I hereby agree that by signing this document, I consent to waive certain legal rights, including the right to sue the following party, and, if applicable, its managers, members, agents, employees, owners, trainers, representatives, and facilities from any physical, material, tangible or intangible, loss or damages that may happen to me during my participation in any of aspect of the Pole + Pregnancy OR Pole + Postpartum courses (hereinafter, “Course) undertaken while under their instruction or thereafter: Dr. Emily Rausch, PLLC (the "Provider").
I acknowledge that physical exercise and training can be strenuous and subject to the risk of serious injury. I agree to hold the Provider, harmless from any damage, whether tangible or intangible, that may happen to me while participating in the course. Such injuries may include, but are not limited to, pregnancy or postpartum concerns/complications, muscle strains, muscle sprains, muscle spasms, heart attacks, raised blood pressure and broken, fractured, or dislocated bones.
It is my responsibility to consult a physician before participating in this or any fitness program and I affirm that I have no medical conditions that would restrict me from participating in any portion of the course. I acknowledge that Dr. Emily Rausch has not performed such an examination and does not certify my physical readiness.
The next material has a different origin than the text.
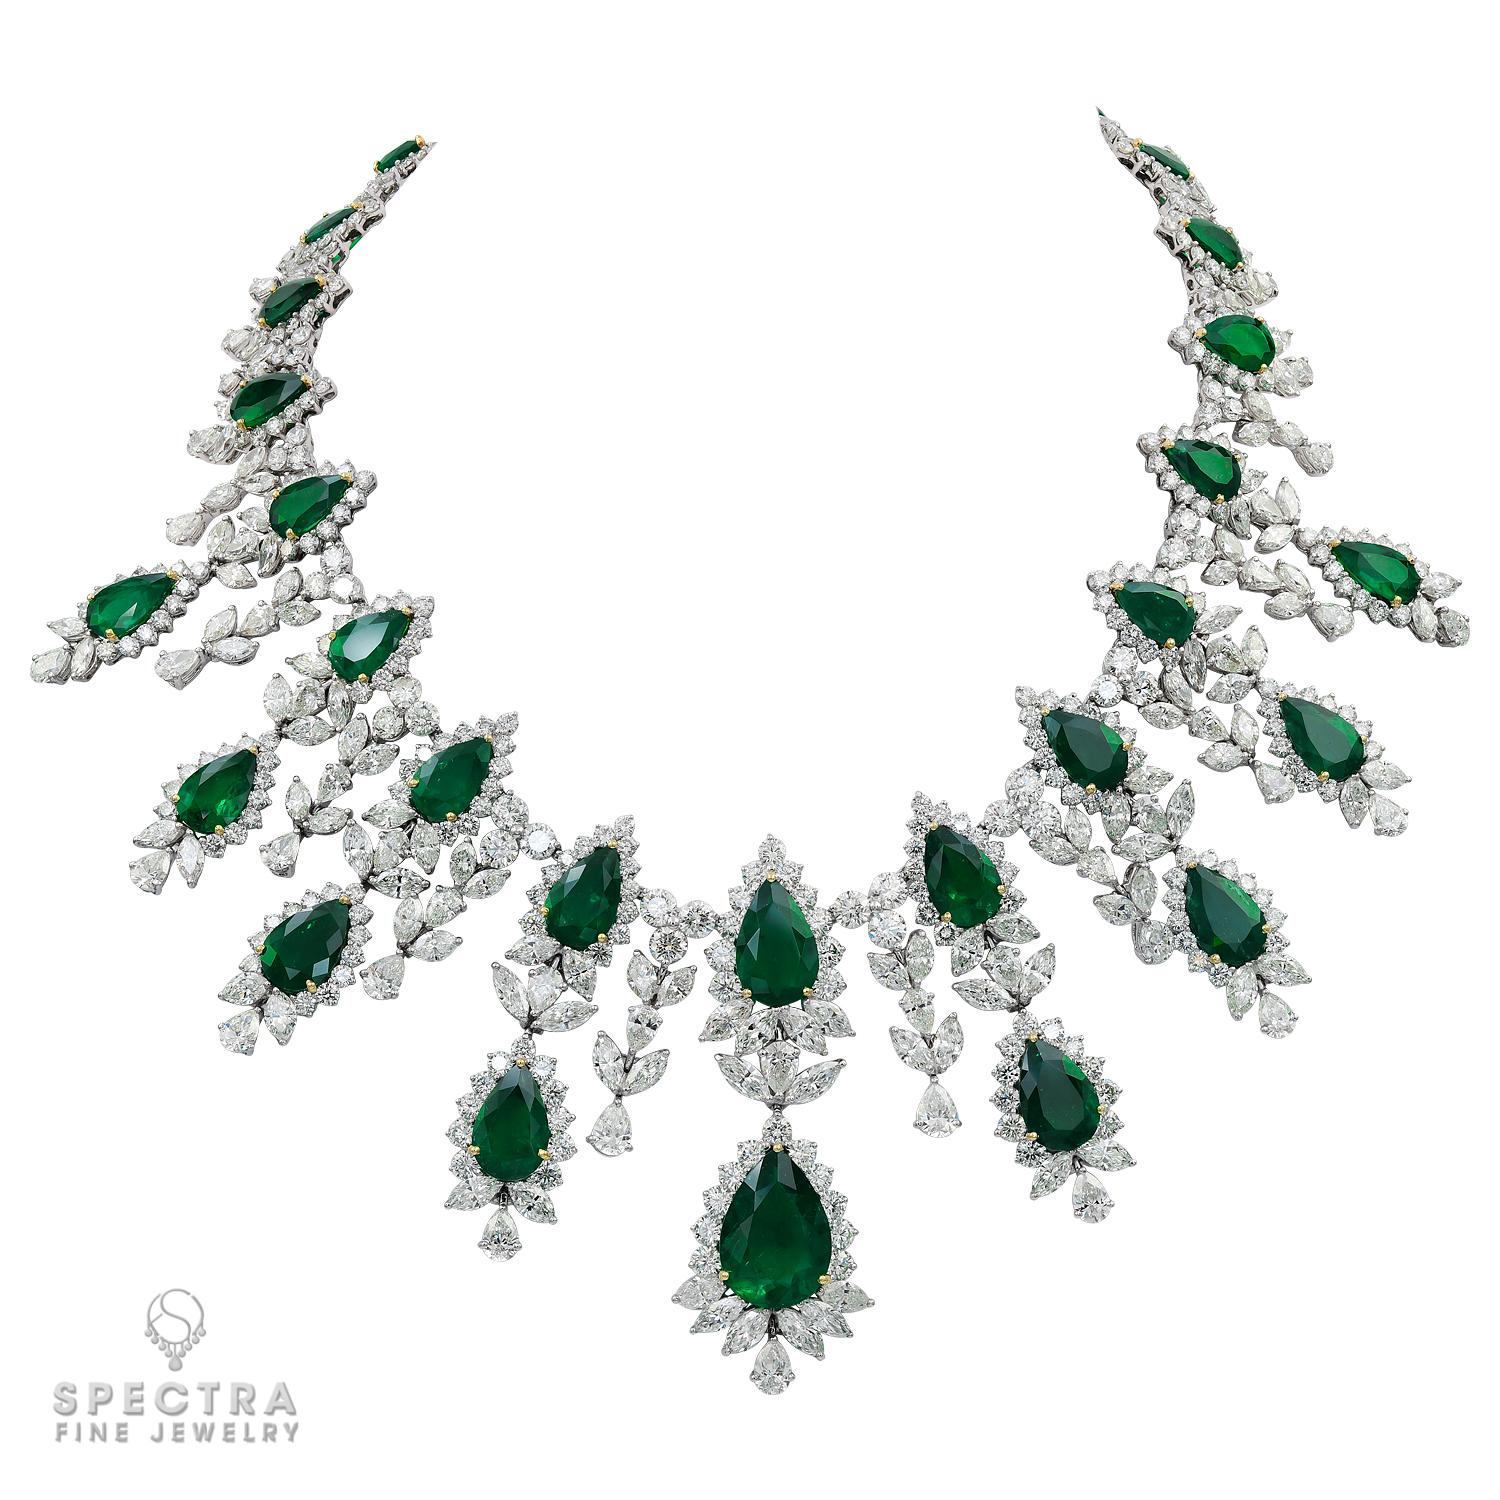 This exquisite Spectra Fine Jewelry Colombian Emerald Demi Parure Suite, made in the Contemporary era, circa 2010s, is comprised of two related yet distinctive piece, featuring a bib necklace with nine pendants and equally dramatic drop earrings.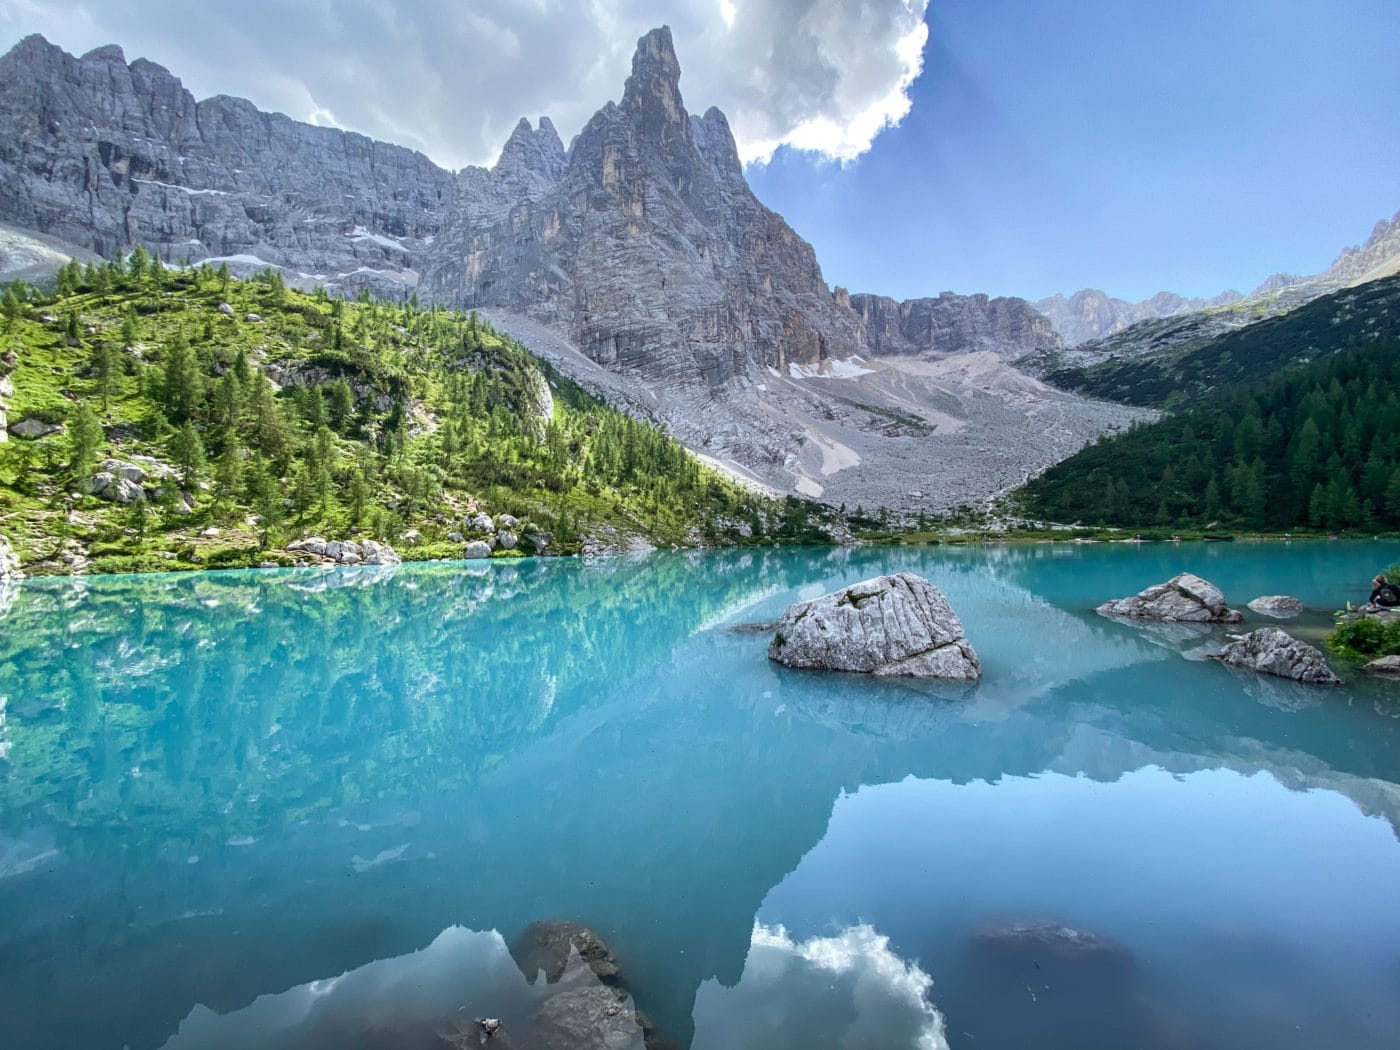 Lago Sorapis an alpine lake in the Dolomites Italy with monumental mountain peak in the background called "dito di dio"

I agree that the Provider offers the course with no guarantee of results. I agree that I am solely responsible to maintain the fitness regime appropriate for my level of health and stamina, and I agree that any results that occur, whether positive or negative, are the effects of my own personal choices or by conditions outside of the control of the Provider.
I acknowledge that this course and the exercises recommended by Dr. Rausch do not constitute chiropractic treatment/therapy and she is not acting or treating in the capacity of a chiropractic physician throughout the duration of this program. If I desire chiropractic treatment, I acknowledge that there is a separate and independent process for initiating and obtaining these services.
I agree that participation in the course is not a replacement for actual medical care and that if I do experience medical issues, I will contact my doctor immediately.
If I do require medical treatment or attention while or after participating in the course, I agree that the medical costs are mine and mine alone and hold the Provider blameless from any charges, fees, or costs that my conditions may incur.
I understand and am aware that my participation in the course involves risks. These risks may lead to tangible or intangible harm, and I agree that they may result not only from my own actions but also from the actions of others. With the knowledge and understanding of these risks, I choose, of my own will and volition, to continue participating in the course. I am also aware that there are risks that I may not have considered, yet I waive my right to any claims that may occur from these unconsidered risks and I choose, of my own will and volition, to participate in the course.
I agree to defend and indemnify the Provider and any of its affiliates (if applicable) and hold them harmless against any and all legal claims and demands, including reasonable attorney's fees, which may arise from or relate to my use or misuse of the course or my conduct or actions. I agree that the Provider shall be able to select its own legal counsel and may participate in its own defense if desired.
I am over 18 (eighteen) years of age and am medically and physically able to participate in the course.
This Acknowledgement of Risk, Waiver of Liability and Release shall be governed by and construed in accordance with the internal laws of California without giving effect to any choice or conflict of law provision or rule. Each party irrevocably submits to the exclusive jurisdiction and venue of the federal and state courts located in the following county in any legal suit, action, or proceeding arising out of or based upon this Program Waiver: San Diego.
I have read the above Acknowledgement of Risk, Waiver of Liability and Release fully. I understand and agree to its contents. I understand and agree that by signing this Acknowledgement of Risk, Waiver of Liability and Release I forfeit any right, claim, or ability to hold the Provider responsible for any tangible or intangible damages, loss of property, or loss of life that may occur during or after my participation in the course.
This Acknowledgement of Risk, Waiver of Liability and Release will bind and be enforceable against me and all of my personal representatives, heirs, estate, executor, administrator, assigns and all members of my family. I agree it
should be enforceable to the fullest extent of the law, and if any portion is held invalid, the remainder should continue in full legal force and effect. I agree it shall be construed and interpreted as broadly as possible in the applicable jurisdiction. I intend that this Waiver be as broad and inclusive as permitted by law and that this Waiver will remain in full legal force and effect forever, regardless of whether or not I remain a participant in this Course.
No refunds will be provided. You are agreeing to pay in full based on your payment plan chosen.
I further agree that no oral representations, statements, or inducements apart from the foregoing Waiver have been made. By electronically signing/signing this Waiver, I have agreed to all of the terms contained above.